1. From the KubeFlow installation documentation:

# Add kfctl to PATH, to make the kfctl binary easier to use.
tar -xvf kfctl_<release tag>_<platform>.tar.gz
export PATH=$PATH:"<path to kfctl>"

2. Then download the configuration YAML file:

# Download config file
export CONFIG="/tmp/kfctl_aws.yaml"
wget https://raw.githubusercontent.com/kubeflow/kubeflow/v0.6.2/bootstrap/config/kfctl_aws.yaml -O ${CONFIG}

3. Save the KFAPP environment variable as your cluster name:

export KFAPP=${AWS_CLUSTER_NAME}
echo $KFAPP

4. Change the role in the kfctl_aws.yaml configuration to the node instance role:

sed -i "s/eksctl-kubeflow-aws-nodegroup-ng-a2-NodeInstanceRole-xxxxxxx/$AWS_NODE_INSTANCE_ROLE/" /tmp/kfctl_aws.yaml
sed -i "s/us-west-2/us-east-1/" /tmp/kfctl_aws.yaml

Note: Because of a recent merge into the KubeFlow repo, you'll need to also replace the manifest with the master manifest branch:

sed -i 's/manifests\/archive\/v[0-1]\.[0-9]-branch\.tar\.gz/manifests\/archive\/master\.tar\.gz/' /tmp/kfctl_aws.yaml

5. Then, initialize the cluster configurations and enter the cluster directory:

kfctl init ${KFAPP} --config=${CONFIG} -V
cd ${KFAPP}

6. Now, you can use the template in app.yaml to generate the other manifest YAML files for your Istio deployment and Kubeflow objects:

kfctl generate all -V

This will generate all the Kustomize configuration files that are needed. 7. Prior to actually applying all the changes and implementing your service mesh, you need to set up automatic sidecard injection with Istio:

kubectl label namespace default istio-injection=enabled

This will allow every new pod that is created to have two containers - the target application image to be run, as well as an Istio Envoy sidecar. 8. You can apply the changes to the Kubernetes controller via

kfctl apply all -V

Bastion Host

OperatorFlow's infrastructure is provisioned via a bastion host that is set up in its own separate VPC (virtual private cloud).

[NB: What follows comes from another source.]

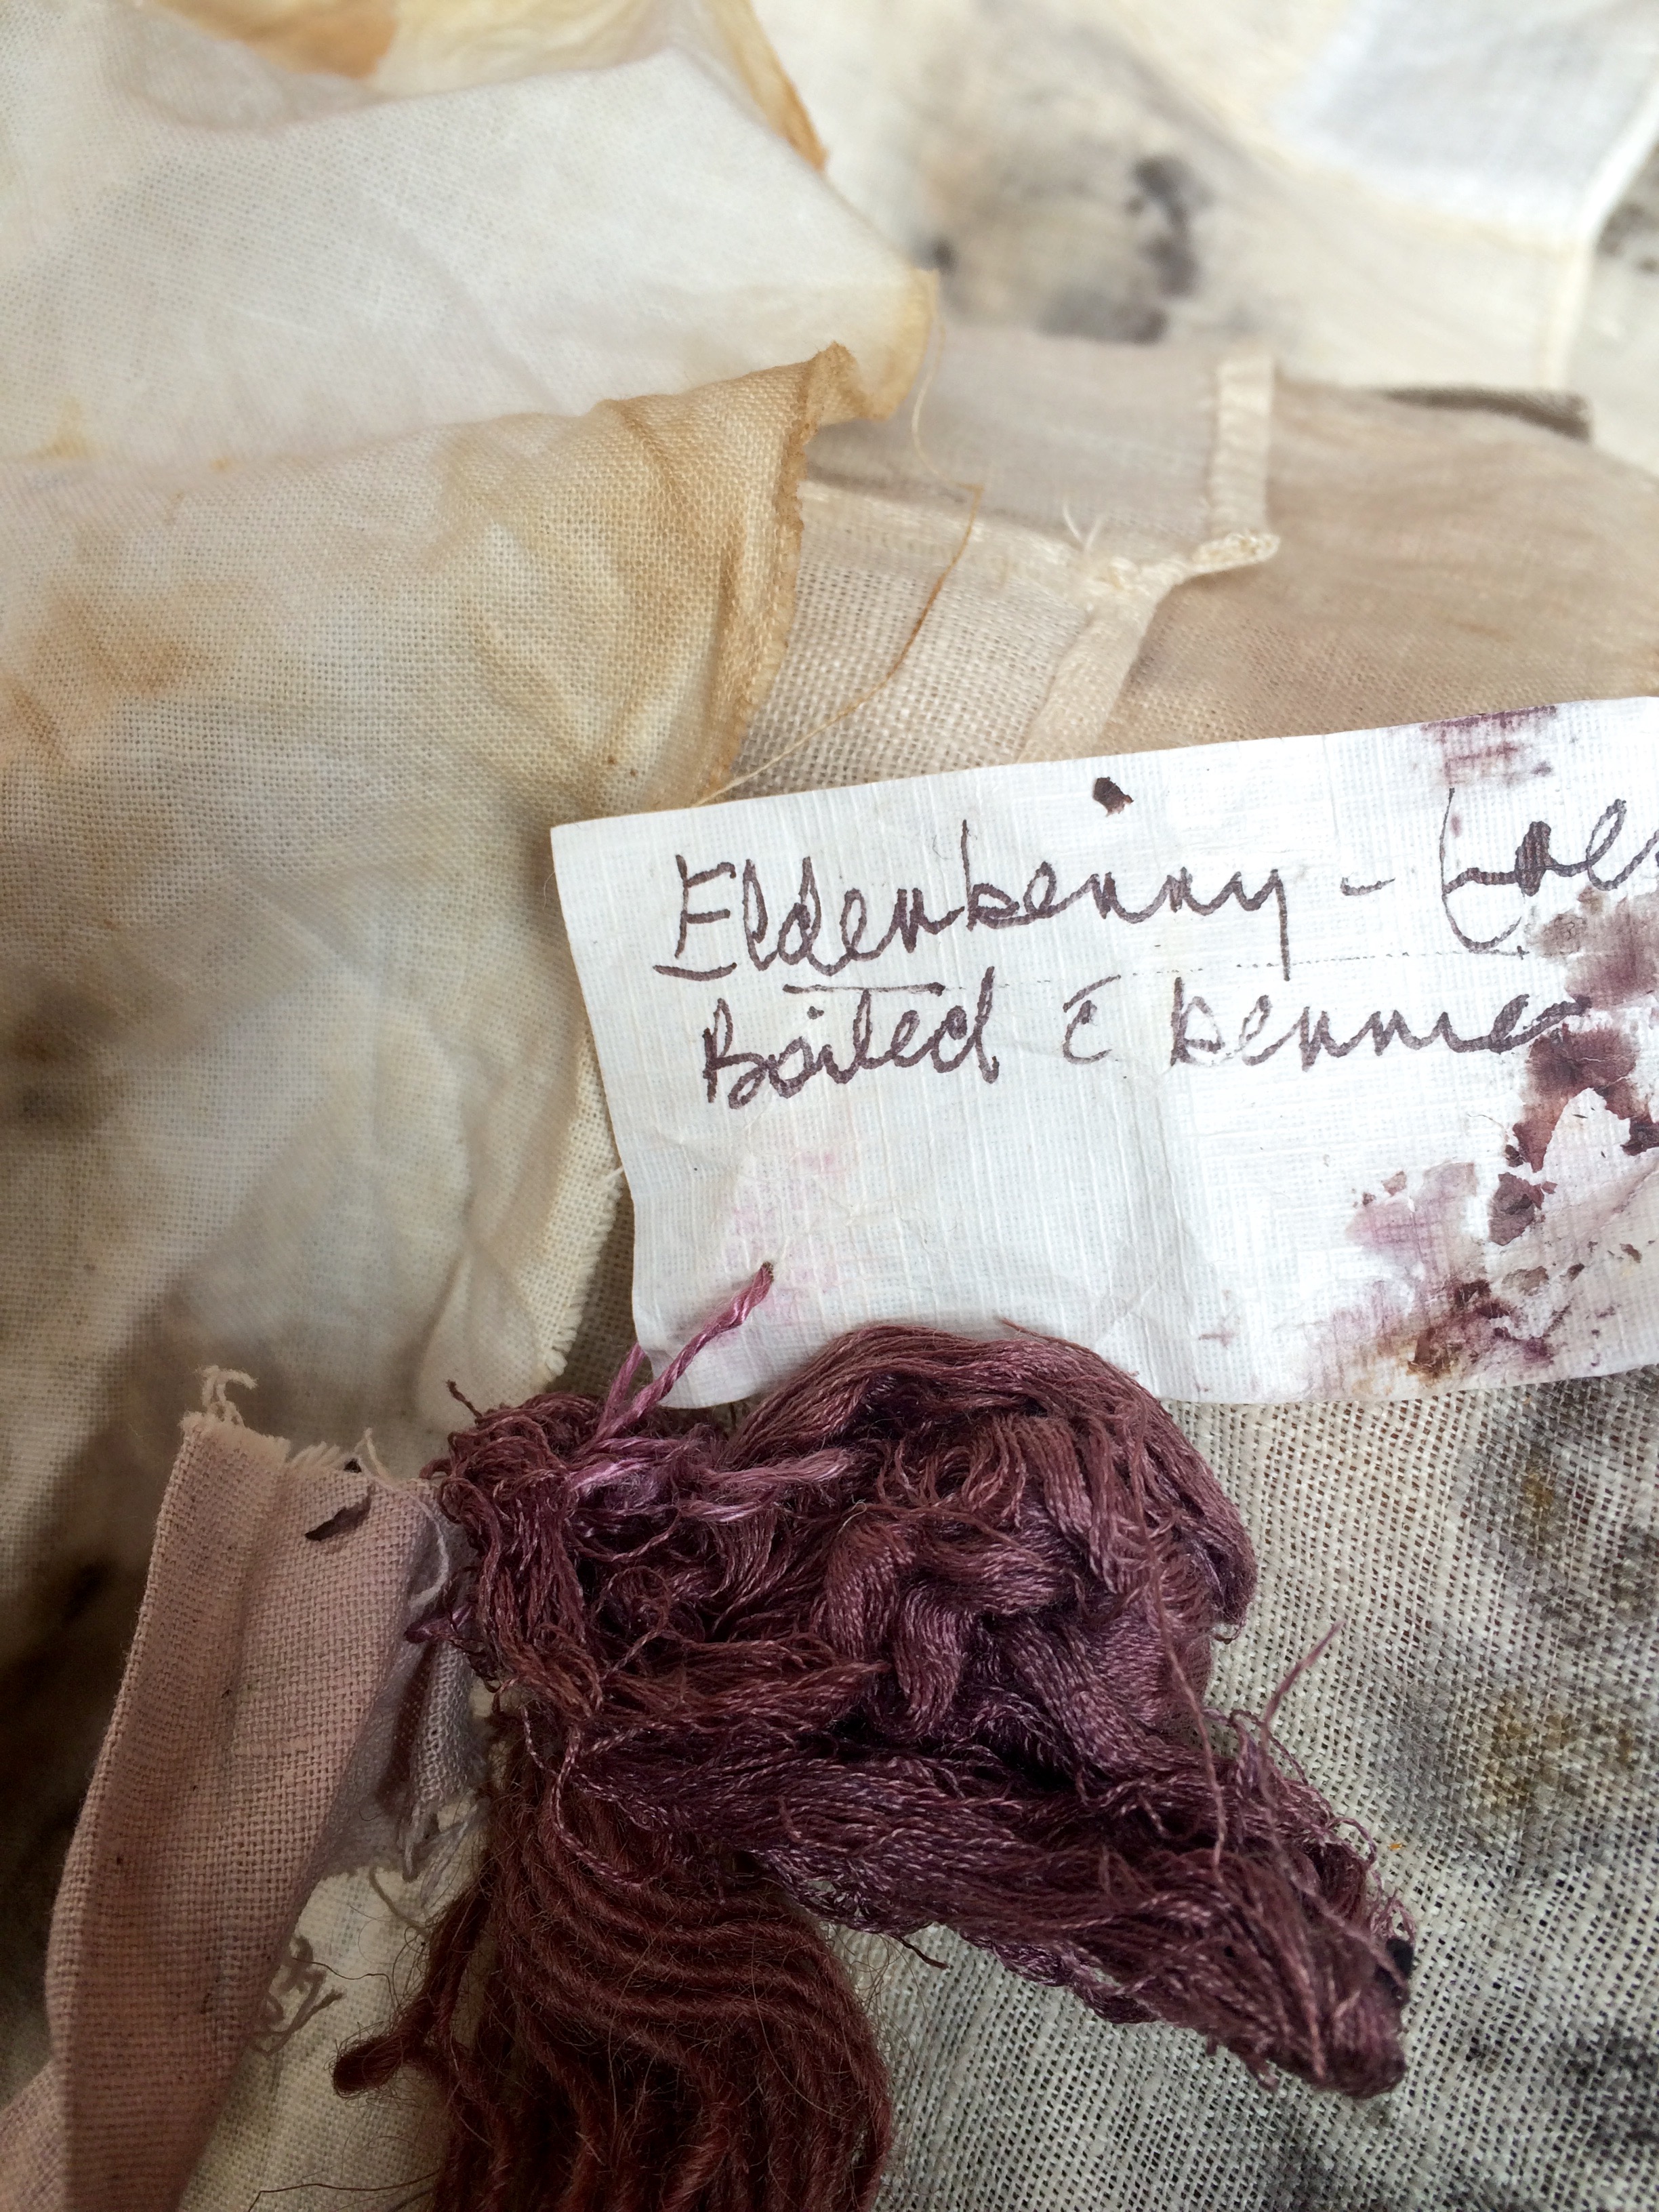 Elderberry plant dye

The files in the infrastructure folder provide the Terraform resources necessary for provisioning the networking and EC2 instance that the bastion host uses. The bastion host EC2 instance uses a default AWS AMI (machine image) that already contains necessary configurations and packages (awscli, boto3, etc.).

API Gateway SDK

An auto-generated API Gateway Javascript SDK is available inside the api_gateway folder. This SDK can be used within any frontend Javascript client to quickly make calls to the API Gateway and fetch resources from Databricks.